WHAT IS NEEDED » From the line containing "Wie Sie Ihr Unternehmen Data-Driven machen" to the line containing "糖質60%オフ チョコナッツ 350g」日清シスコから" in the entries below, reproduce every line exactly, ends included. Nothing else belongs in the copy, and no pictures.

DATA RECORDS »
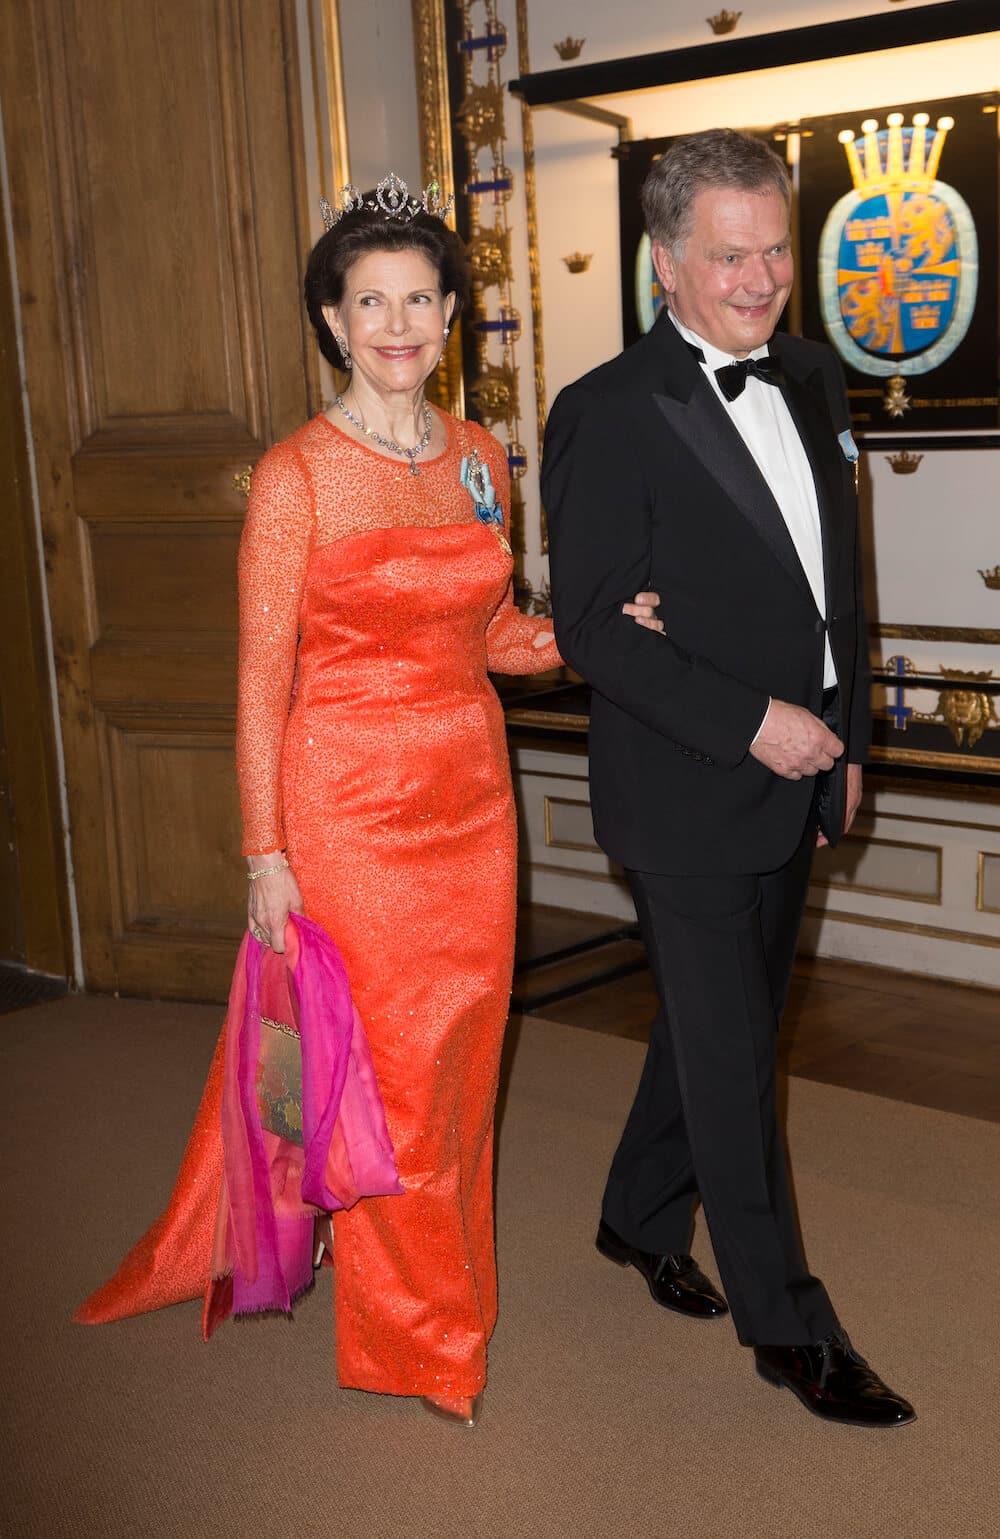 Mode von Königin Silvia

==

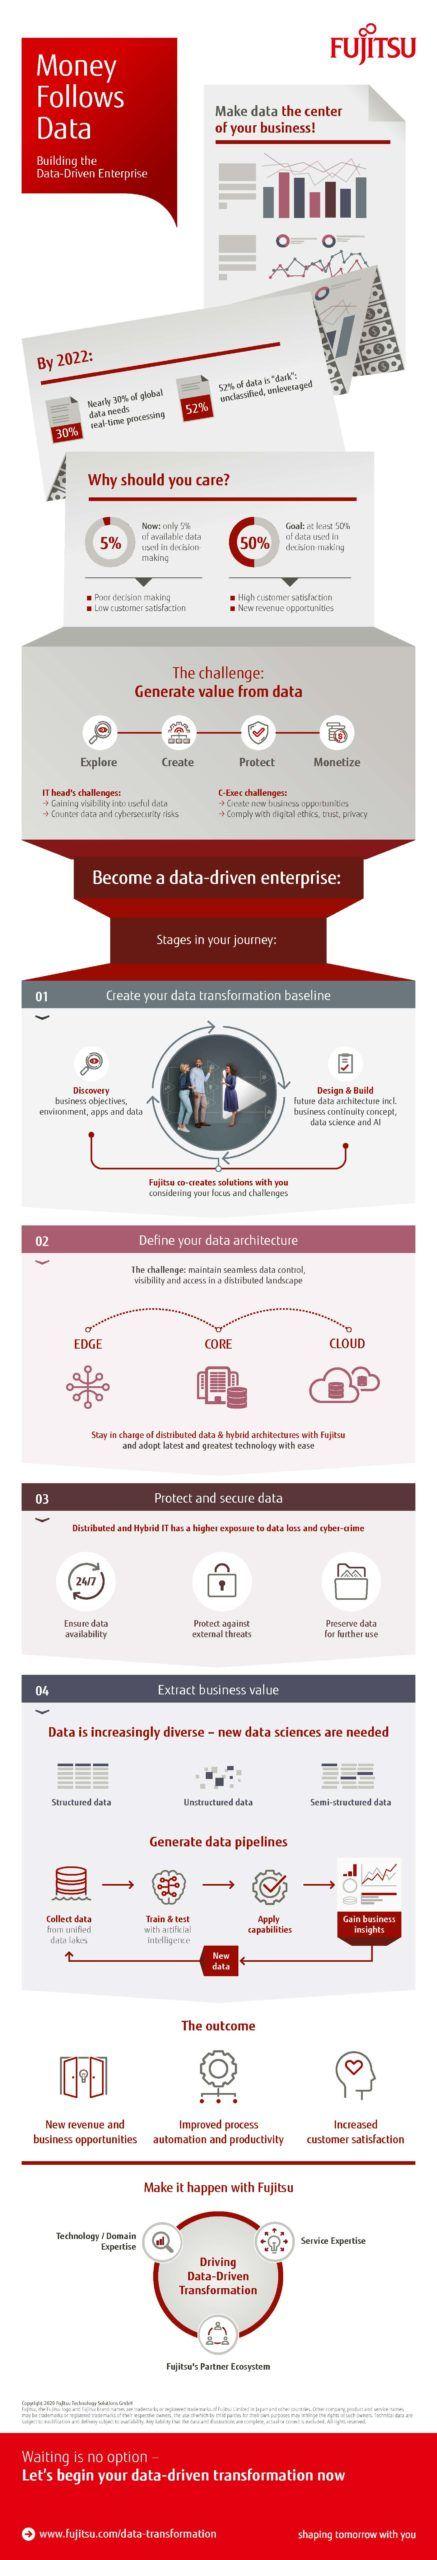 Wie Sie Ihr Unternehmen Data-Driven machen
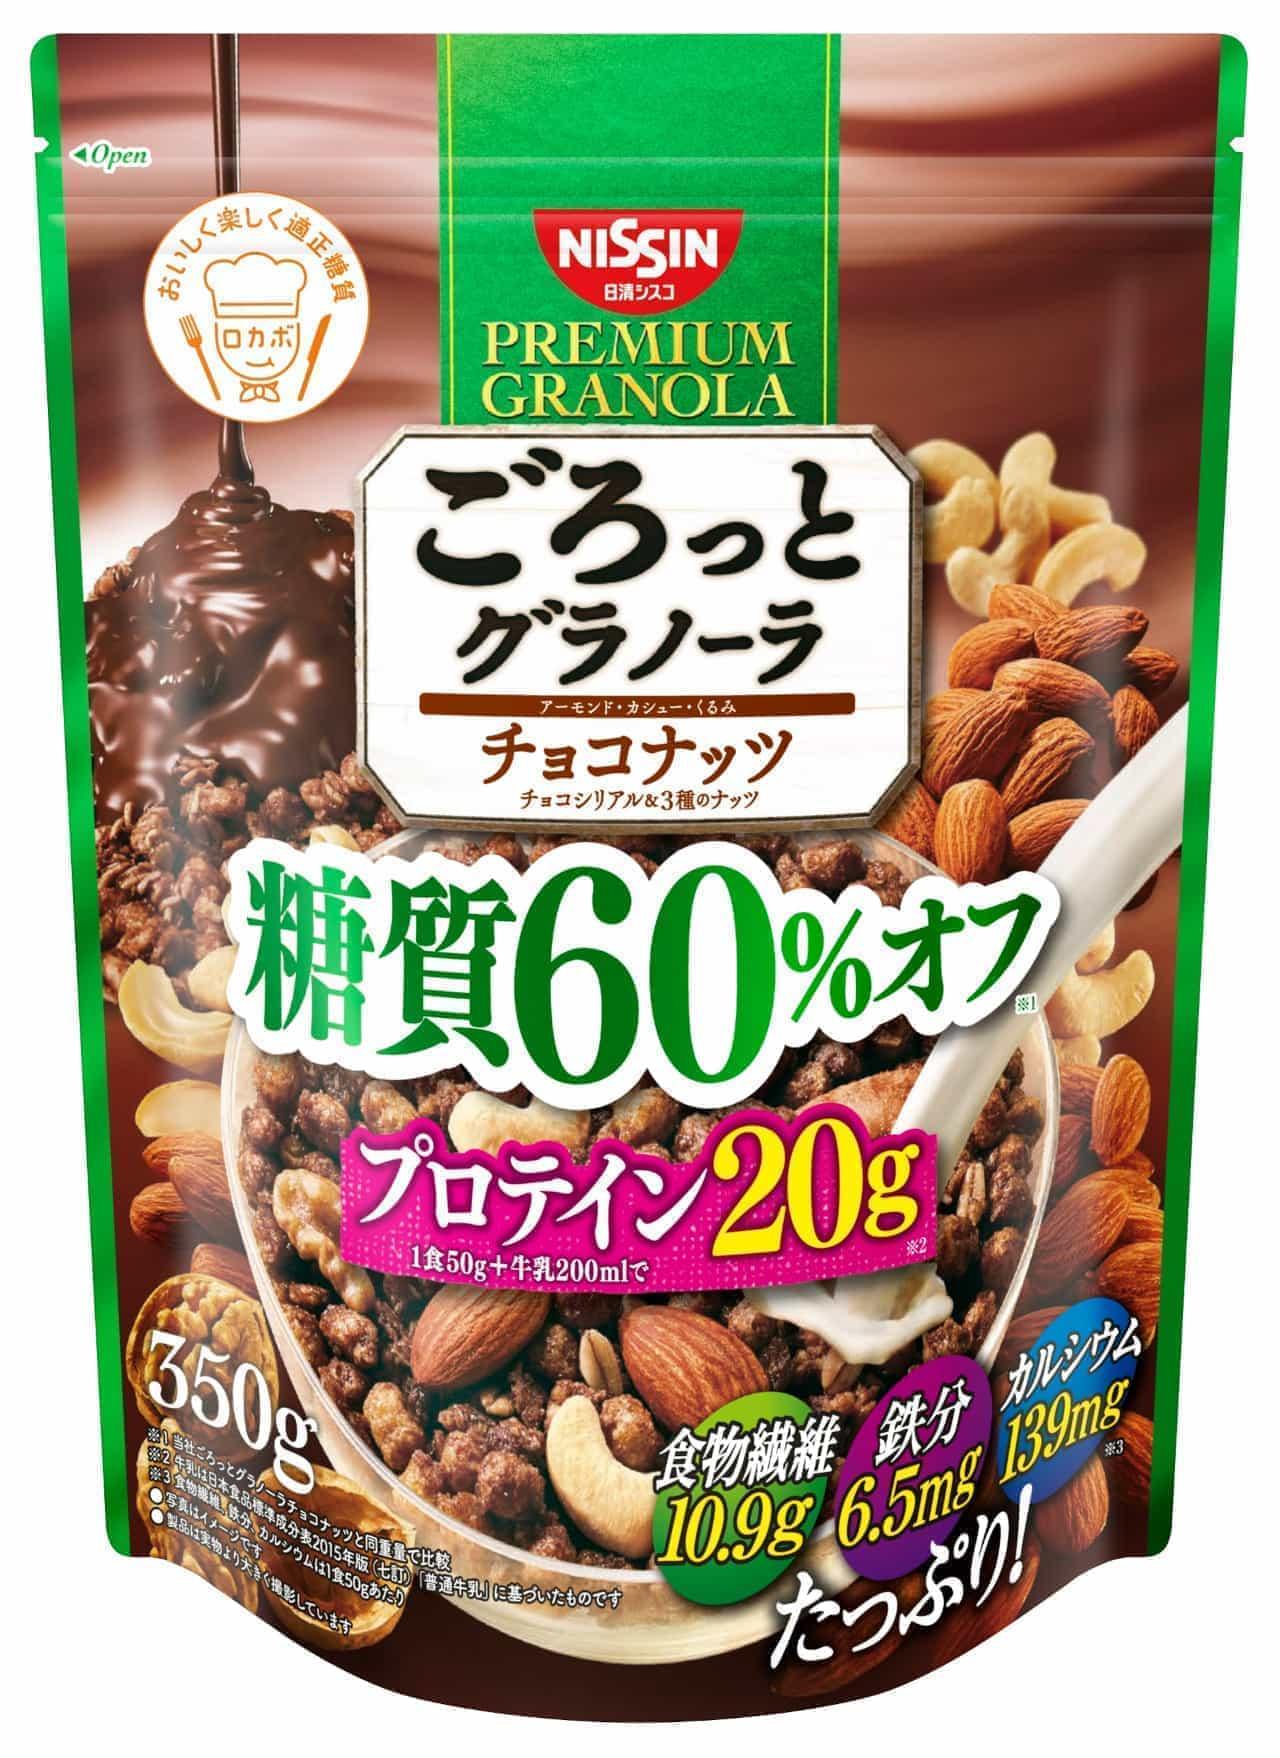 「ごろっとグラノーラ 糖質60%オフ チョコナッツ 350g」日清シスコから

ANSWER BOX »
 Wie Sie Ihr Unternehmen Data-Driven machen
 「ごろっとグラノーラ 糖質60%オフ チョコナッツ 350g」日清シスコから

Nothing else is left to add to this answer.